I have a set of bit patterns, and want to find the index of the element in the set which matches a given input. The bit pattern contains "don't care" bits, that is x-es which matches both 0 and 1.
Example The set of bit patterns are
index abcd
0 00x1
1 01xx
2 100x
3 1010
4 1x11
Then, trying to match 0110 should return index 1 and 1011 should return index 4.
How can this problem be solved faster than a linear search through the elements? I guess a kind of binary tree could be made, but then, what is a smart way of creating such a tree?

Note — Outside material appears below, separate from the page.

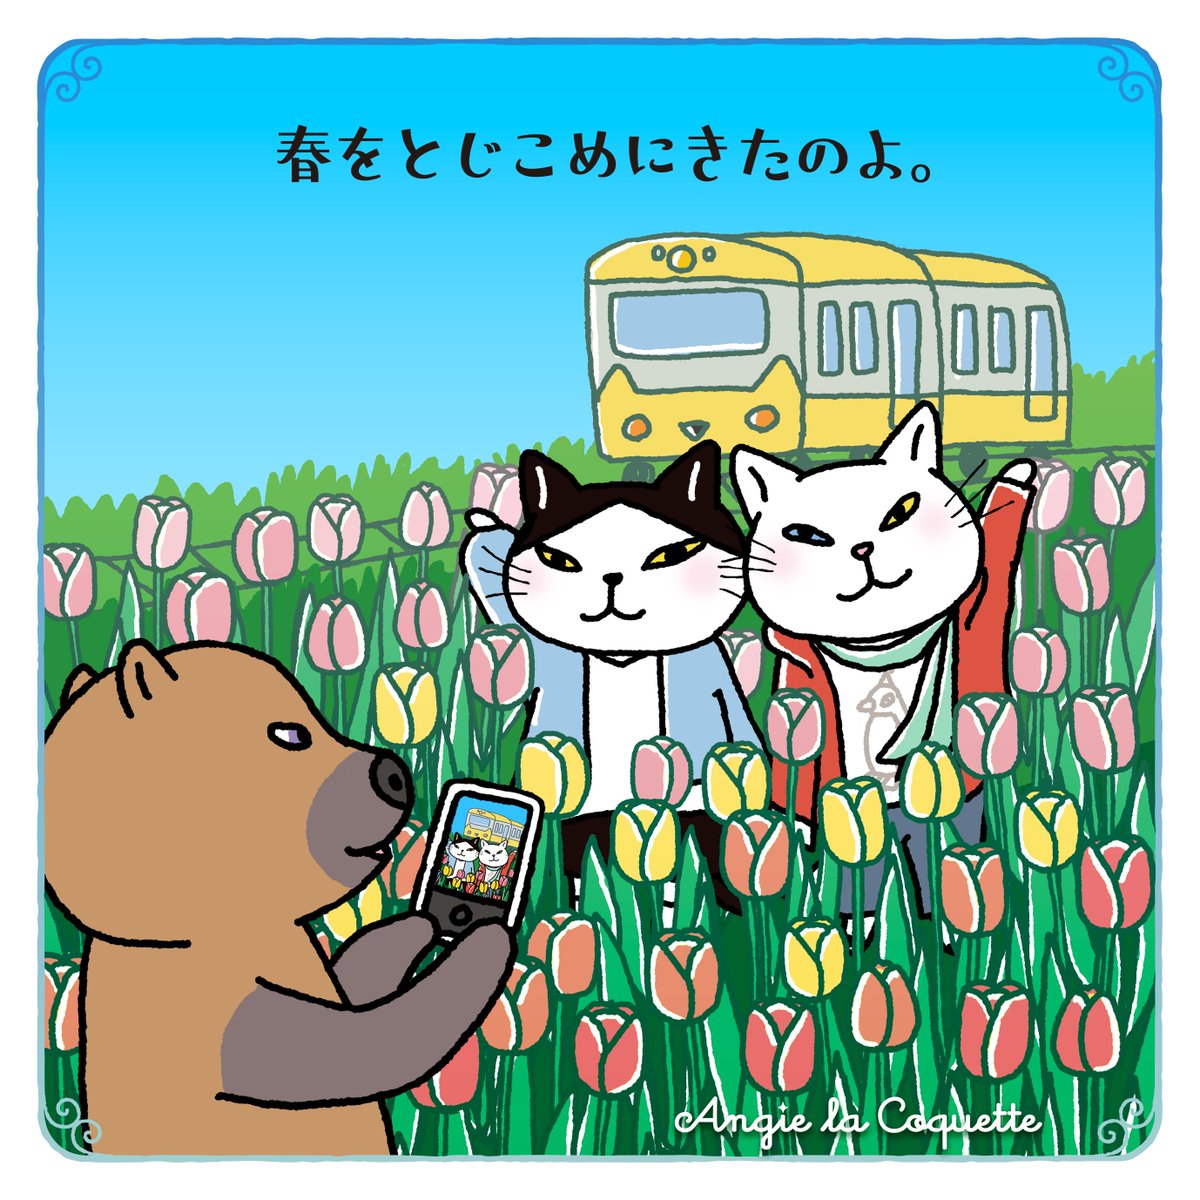 お花畑を走る電車。テオくん、素敵な写真撮れたかな？

#猫 #電車旅

Are there other efficient data structures/algorithms for such a problem, primarily in terms of query efficiency both also storage requirements.
- The bit patterns will be 64 bits (or more)
- The number of elements in the set will be in the order 10^5 - 10^7
- Not all bit combinations are represented in the set, e.g in the example 0000 is not represented
- There will be a high number of x-es in the data set
- A bit string will match only one of the elements in the set
I have two different cases in which I need to solve this problem
- Case 1: I have the possibility of doing a lot of precomputing
- Case 2: New elements will be added to the set on the fly
Update The x-es are more likely to show up in some bit positions than others, that is, some bit positions will be dominated by x-es while others will be mainly zeroes/ones.